Records for processing
+++
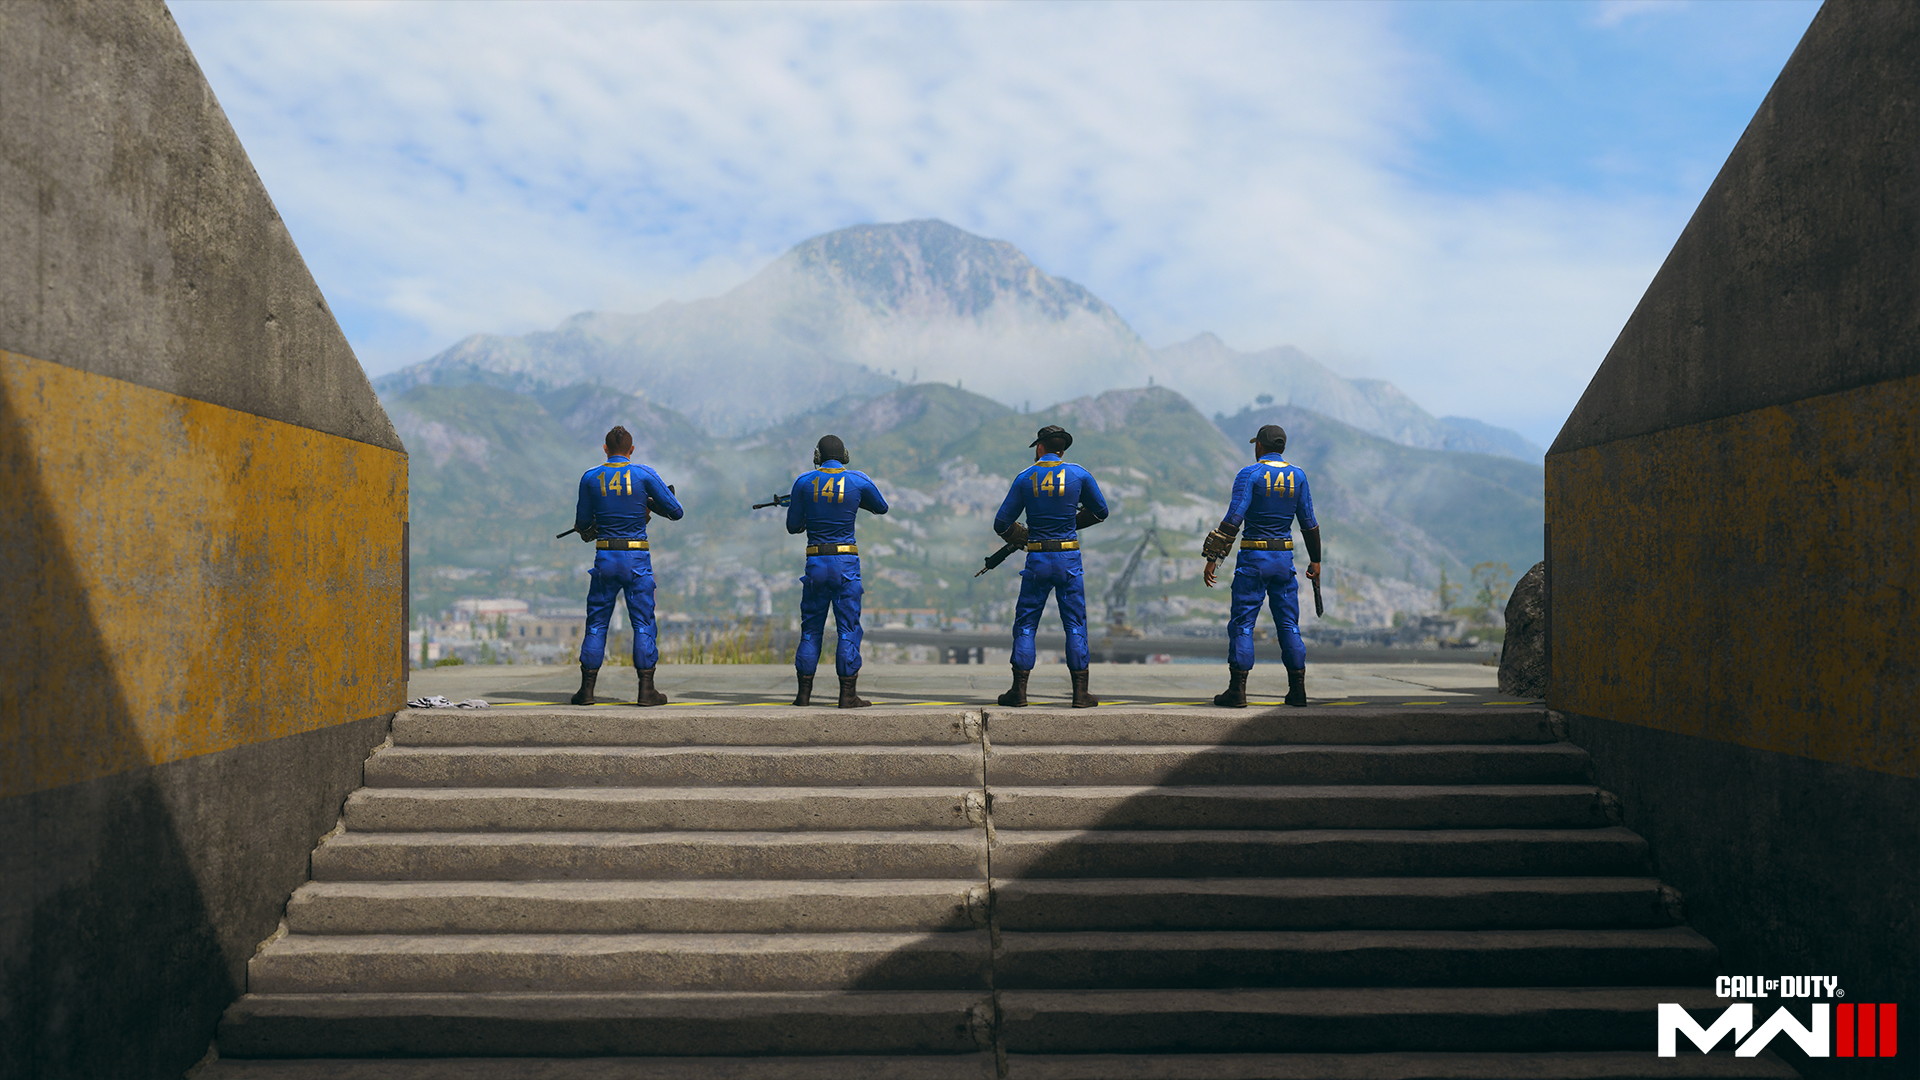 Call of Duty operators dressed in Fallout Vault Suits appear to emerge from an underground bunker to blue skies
+++
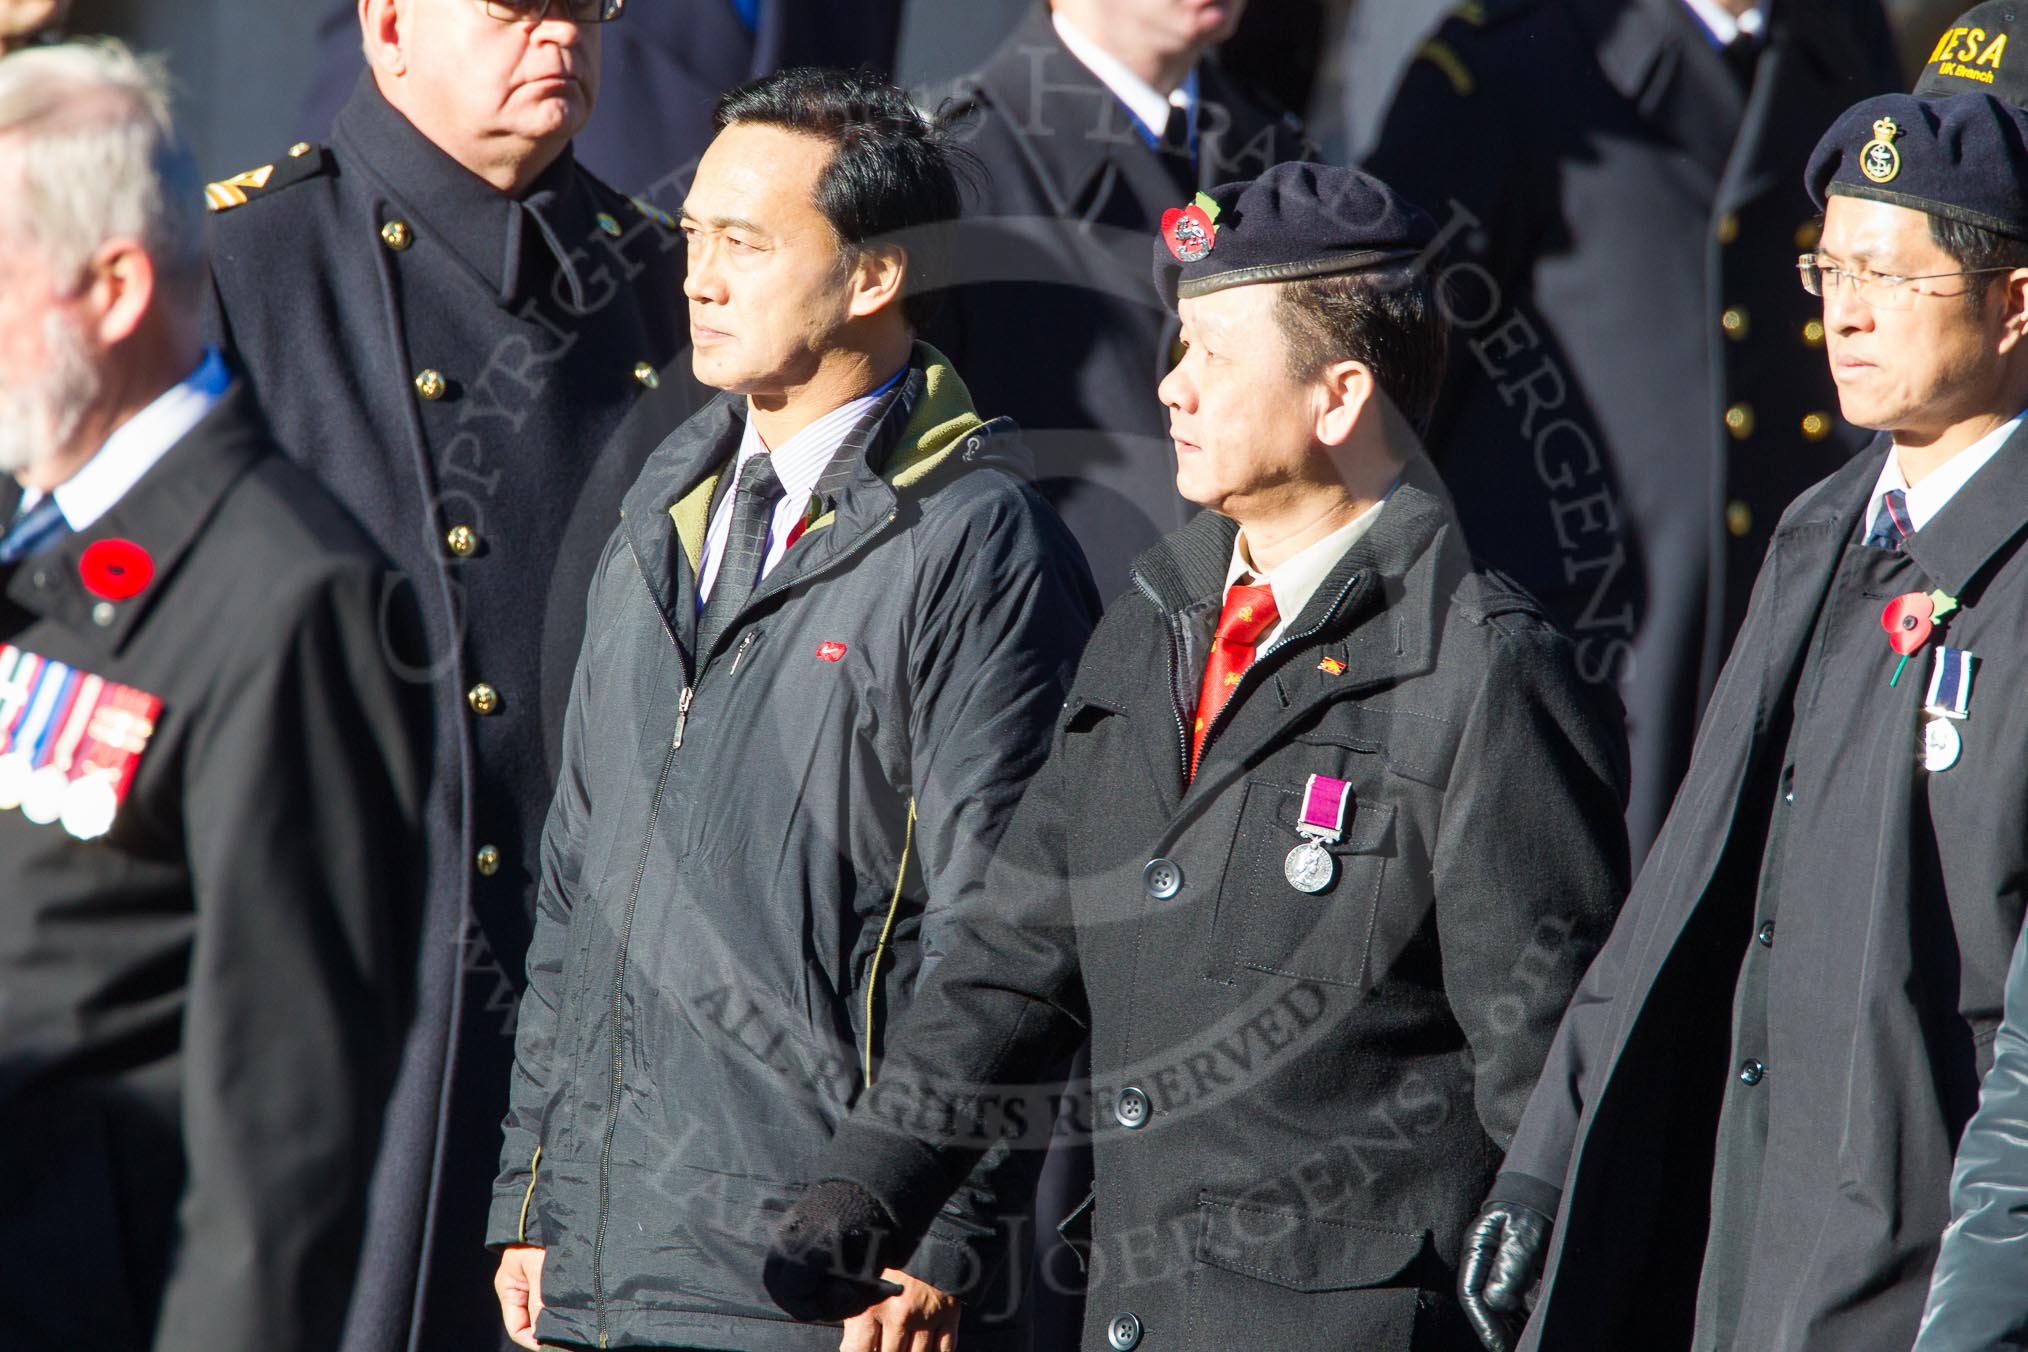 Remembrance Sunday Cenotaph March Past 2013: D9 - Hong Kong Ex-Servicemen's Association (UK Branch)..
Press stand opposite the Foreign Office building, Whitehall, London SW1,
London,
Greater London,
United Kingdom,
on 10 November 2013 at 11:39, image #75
+++
What you should do
Search the entries for the word "London". Copy each line where it appears.

Written reply
Press stand opposite the Foreign Office building, Whitehall, London SW1,
London,
Greater London,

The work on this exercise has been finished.